After global protests and news coverage from alternative sources, PayPal relented and restored their accounts without explanation.

In a similar vein, protests all over the world poured in about PayPal’s new policy. Twitter filled up with announcements from people who were canceling their accounts.

By the following day, PayPal reversed itself, claiming that the banning of “misinformation” was just a mistake.

“An AUP notice recently went out in error that included incorrect information,” a spokesperson told The Epoch Times. “PayPal is not fining people for misinformation and this language was never intended to be inserted in our policy.”

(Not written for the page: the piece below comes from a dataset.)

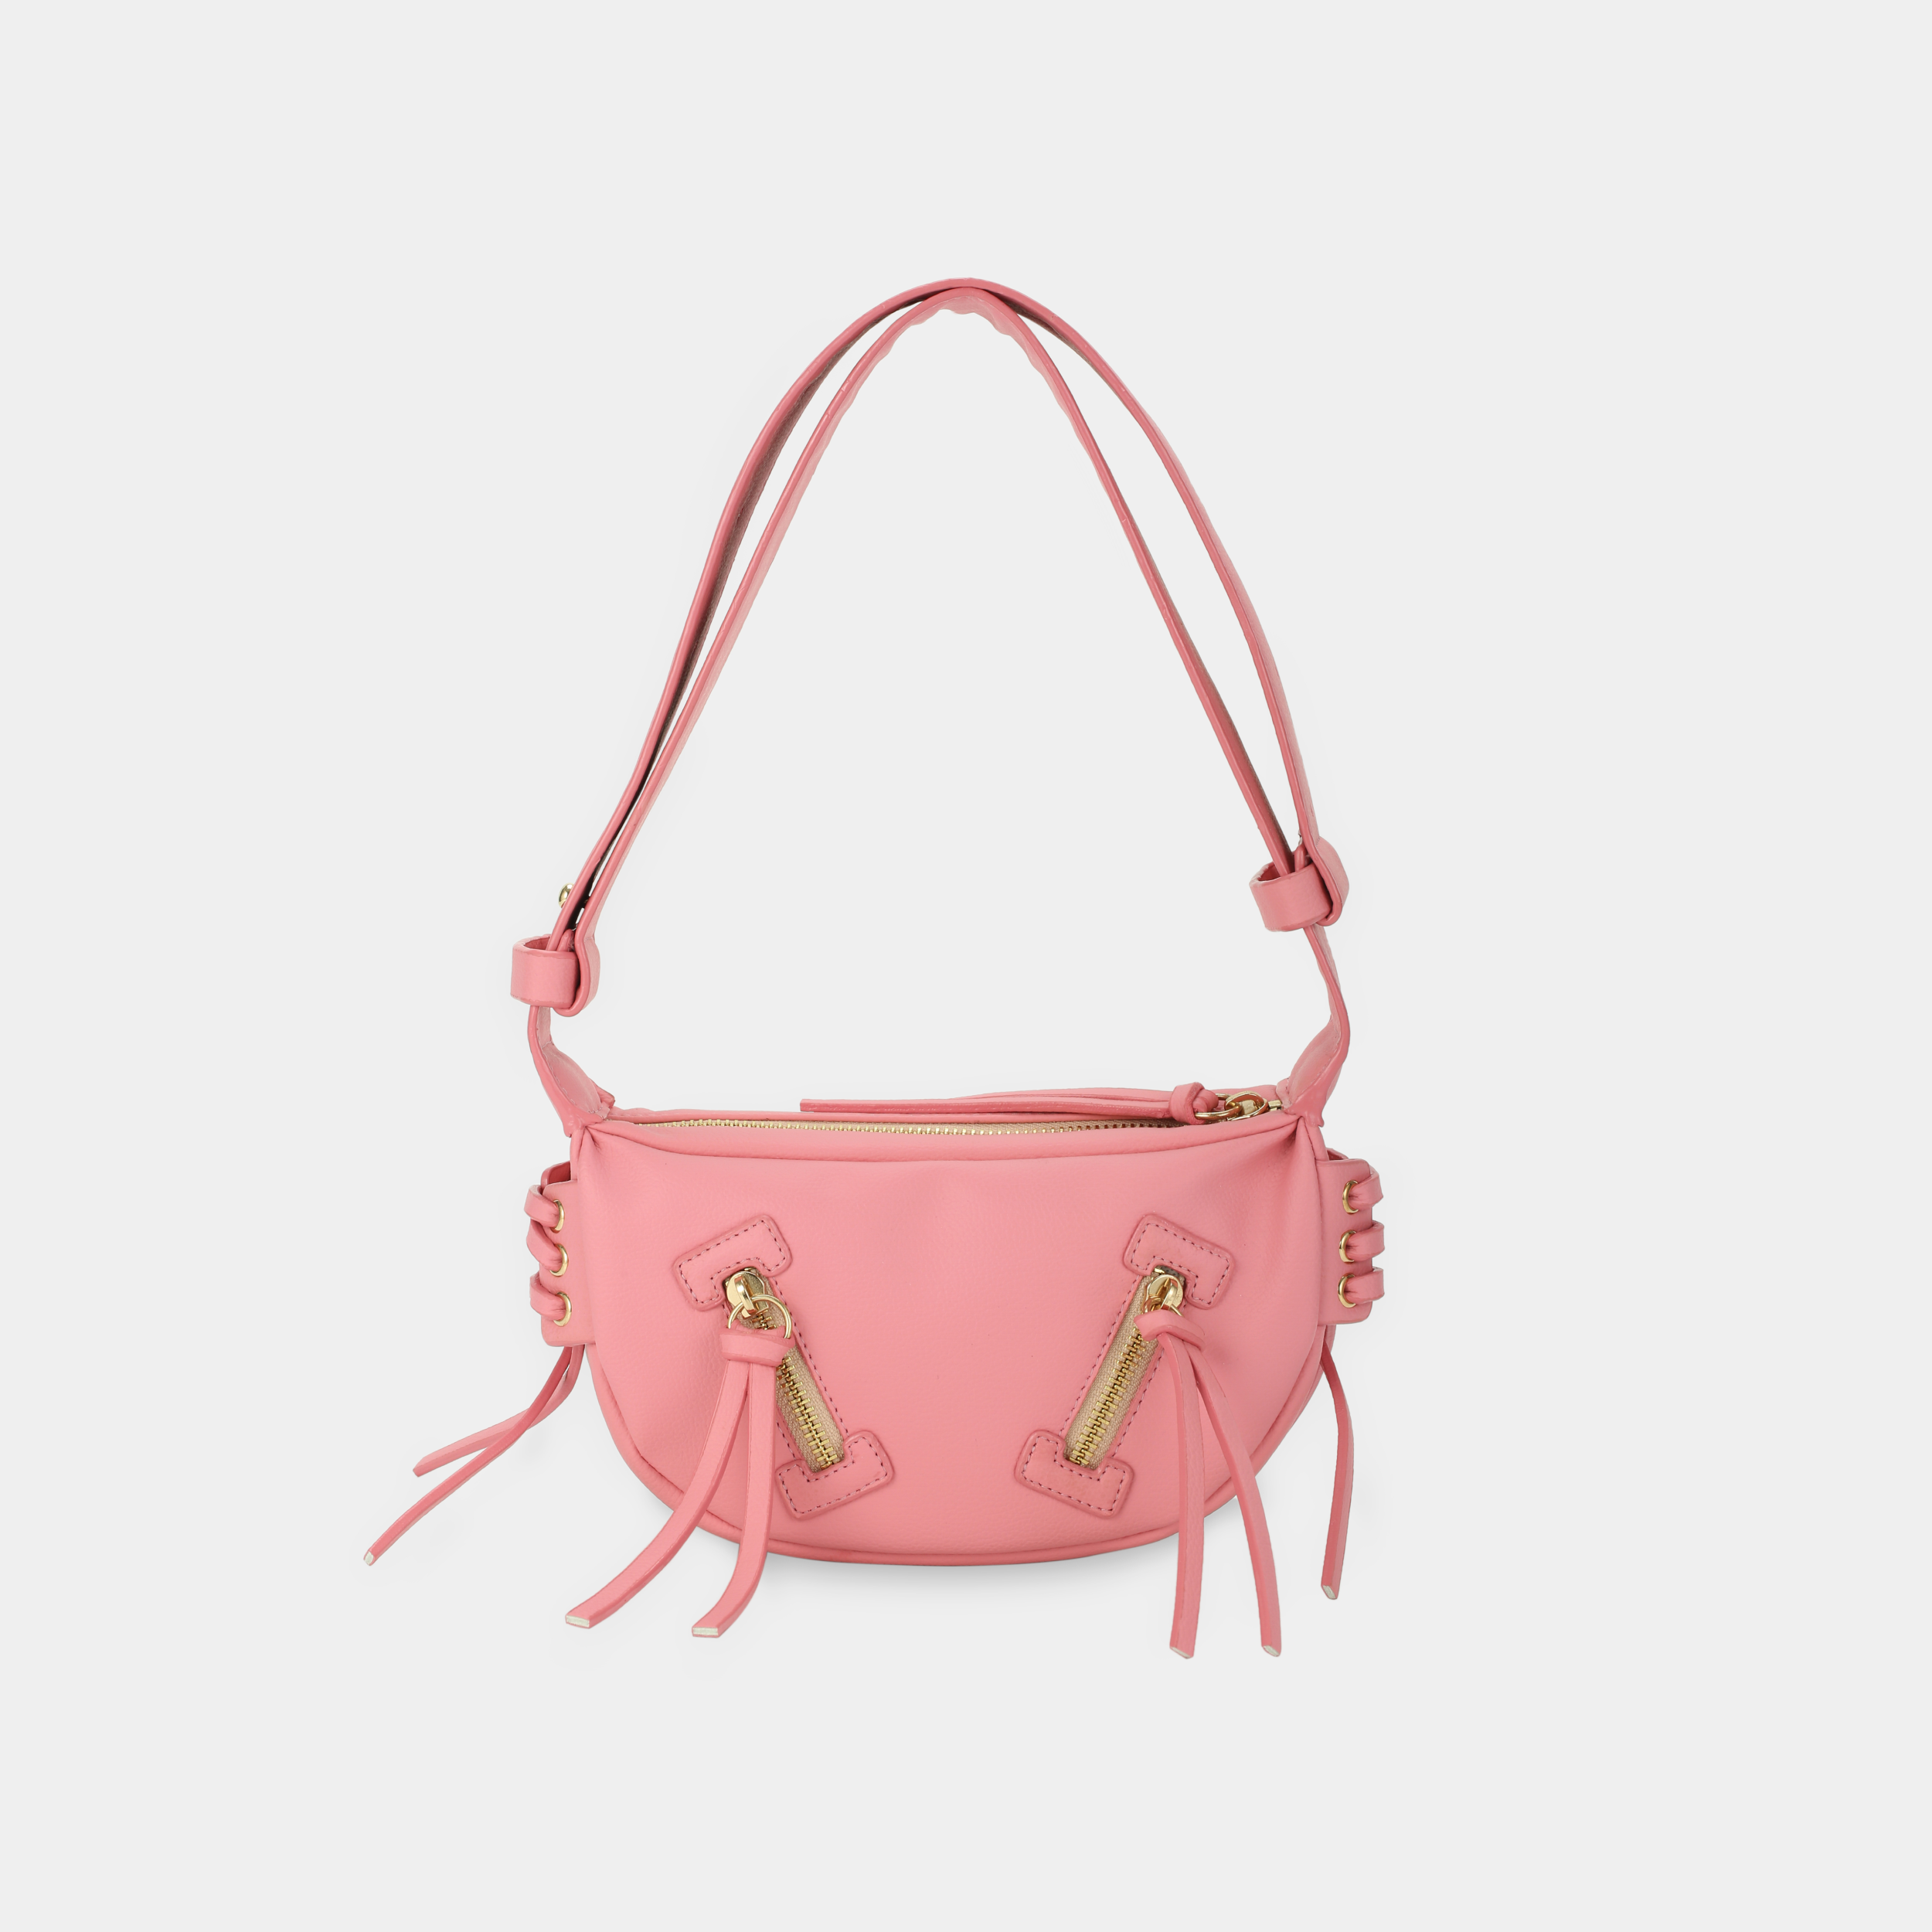 LACE bag small size (S) pastel pink

In other words, PayPal claimed that its policy on misinformation was itself misinformation!

It’s very likely that the user protest itself—and a big selloff in PayPal stock—made the crucial difference. Many people cheered, but actually, this is extremely unsettling. We can’t live in a world where our essential rights, privacy, and liberties always hang in the balance and depend on Twitter-based protests in order to have them recognized.

In addition, surely PayPal doesn’t expect that anyone on the planet really believes the claim that this was an “error.” There’s just no way. Everyone knows that something as legally and institutionally critical as the acceptable use policy would have to go through many layers of compliance bureaucracy and attorneys, especially highlighting the changes.